_Your objective_
Within the records below, reproduce without change the lines from the line that has "Le compositeur né" through the line that has "Se bilaga 5", and only those.

Recorded data: Begin

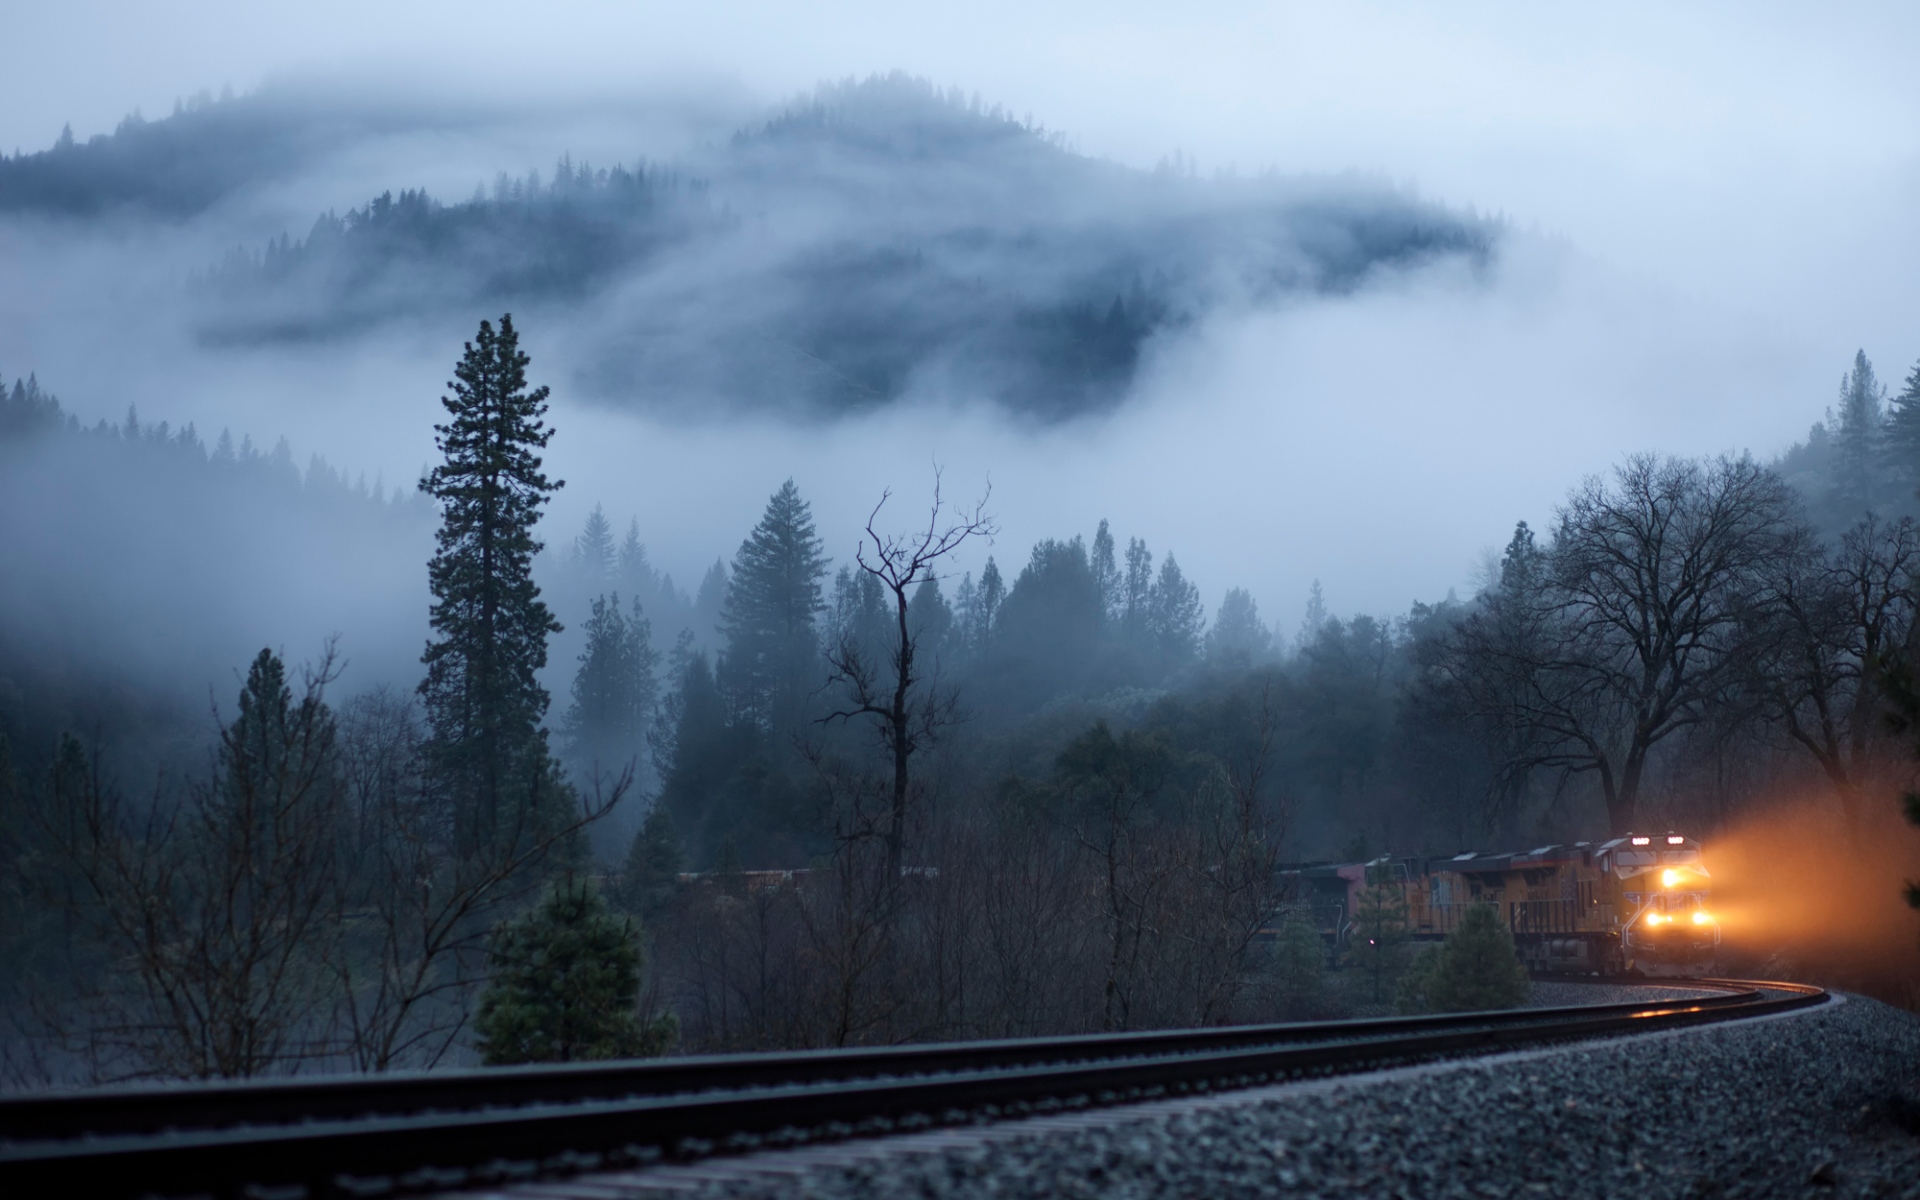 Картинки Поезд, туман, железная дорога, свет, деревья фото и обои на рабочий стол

Recorded data: End
Recorded data: Begin

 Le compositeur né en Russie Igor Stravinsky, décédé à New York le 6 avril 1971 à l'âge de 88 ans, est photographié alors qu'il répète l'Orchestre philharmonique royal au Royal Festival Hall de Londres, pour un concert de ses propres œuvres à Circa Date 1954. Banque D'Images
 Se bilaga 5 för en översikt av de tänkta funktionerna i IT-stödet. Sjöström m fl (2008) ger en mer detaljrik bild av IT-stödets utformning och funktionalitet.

Recorded data: End

_Finished task_
 Le compositeur né en Russie Igor Stravinsky, décédé à New York le 6 avril 1971 à l'âge de 88 ans, est photographié alors qu'il répète l'Orchestre philharmonique royal au Royal Festival Hall de Londres, pour un concert de ses propres œuvres à Circa Date 1954. Banque D'Images
 Se bilaga 5 för en översikt av de tänkta funktionerna i IT-stödet. Sjöström m fl (2008) ger en mer detaljrik bild av IT-stödets utformning och funktionalitet.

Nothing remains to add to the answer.